XML-schema 'best practice' question

Thu Sep 18 02:28:55 EDT 2008

Hi all

This is not strictly a Python question, but as I am writing in Python,
and as I know there are some XML gurus on this list, I hope it is
appropriate here.

XML-schemas are used to define the structure of an xml document, and
to validate that a particular document conforms to the schema. They
can also be used to transform the document, by filling in missing
attributes with default values.

In my situation, both the creation and the processing of the xml
document are under my control. I know that this begs the question 'why
use xml in the first place', but let's not go there for the moment.

Using minixsv, validating a document with a schema works, but is quite
slow. I appreciate that lxml may be quicker, but I think that my
question is still applicable.

I am thinking of adding a check to see if a document has changed since
it was last validated, and if not, skip the validation step. However,
I then do not get the default values filled in.

I can think of two possible solutions.
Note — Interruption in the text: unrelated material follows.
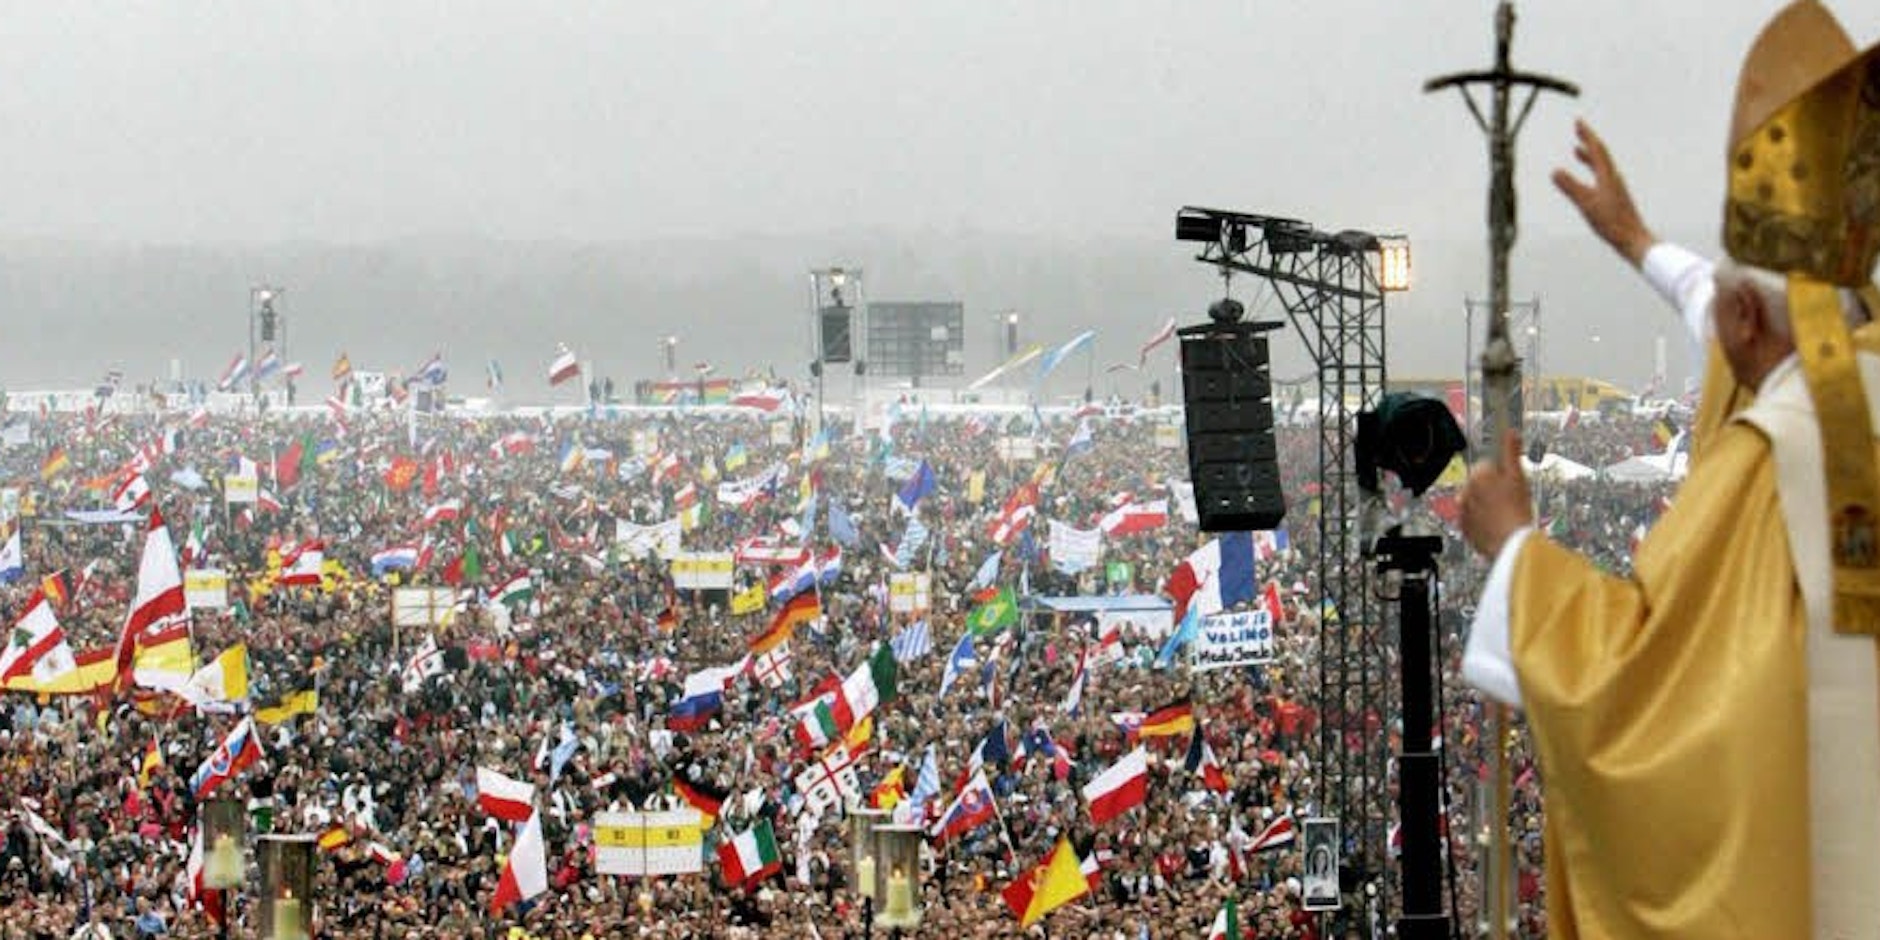 Die größte Messe, die je in Deutschland gefeiert wurde: 1,1 Millionen Menschen kamen auf das Marienfeld, um Papst Benedikt XVI. zu erleben. Viele hatten die Nacht dort verbracht.
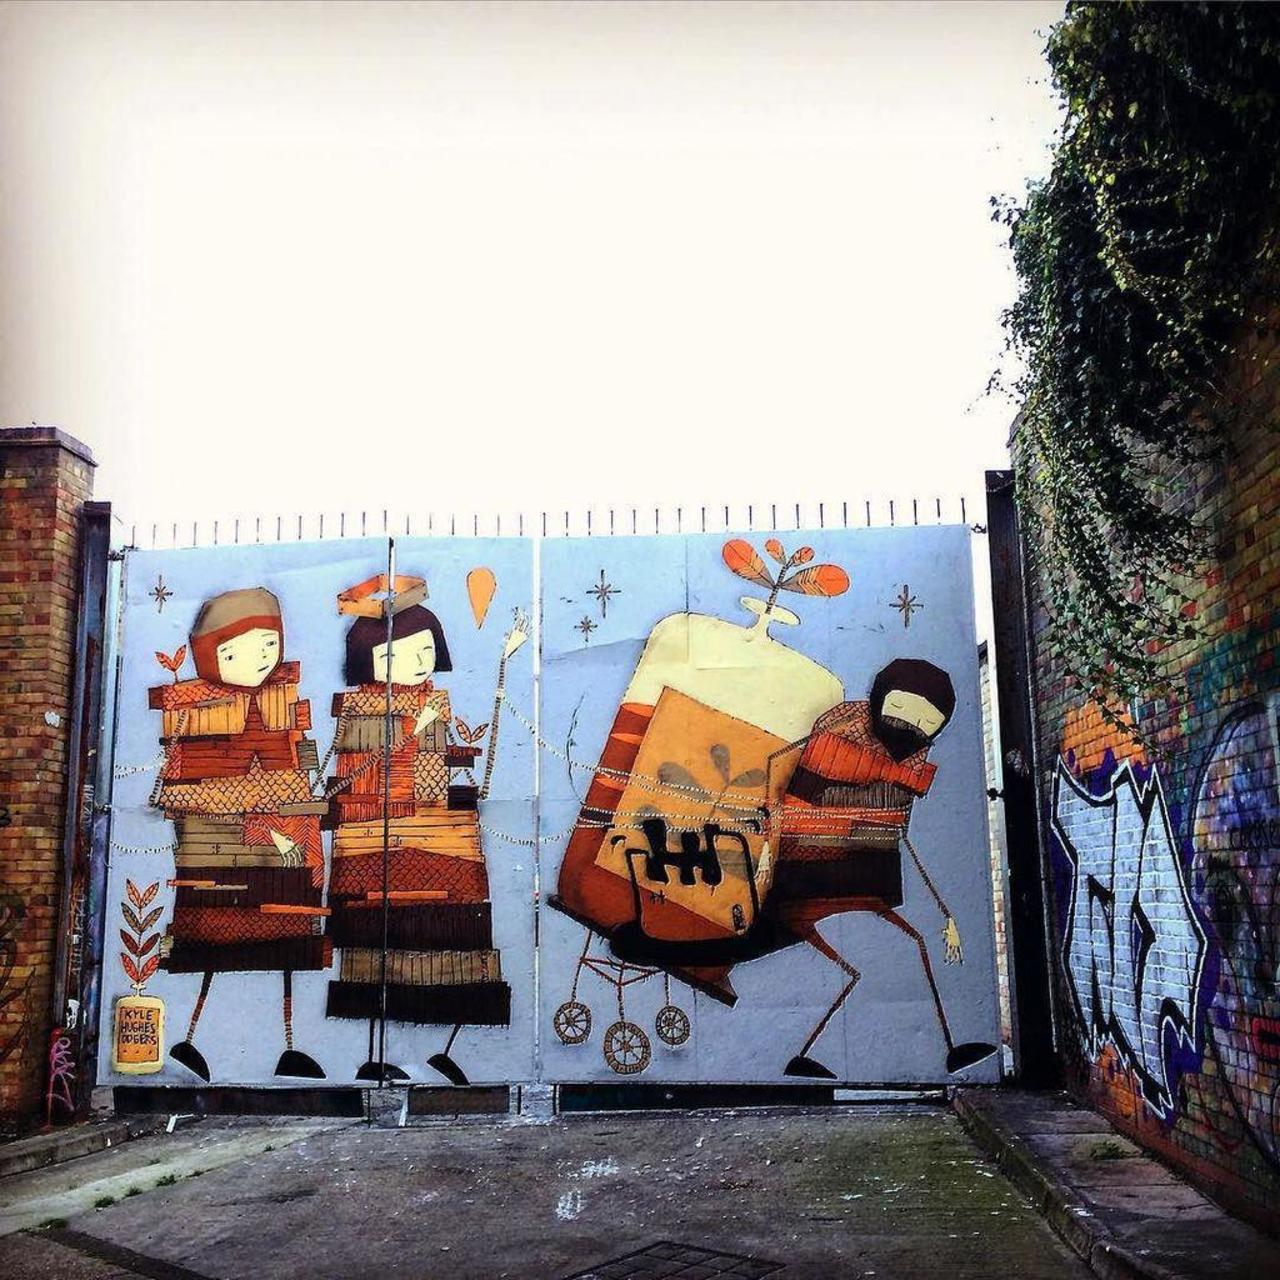 #graffitiporn  #wallporn #mural  #murales  #graffitiporn #lovestreetart #streetart #graffiti #london #loveshoreditc… http://t.co/3wzTOX3wZD

I just wondered if this is a
common design issue when it comes to xml and schemas, and if there is
a 'best practice' to handle it.

1. Don't use default values - create the document with all values
filled in.

2. Use python to check for missing values and fill in the defaults
when processing the document.

Or maybe the best practice is to *always* validate a document before
processing it.

How do experienced practitioners handle this situation?

Thanks for any hints.

Frank Millman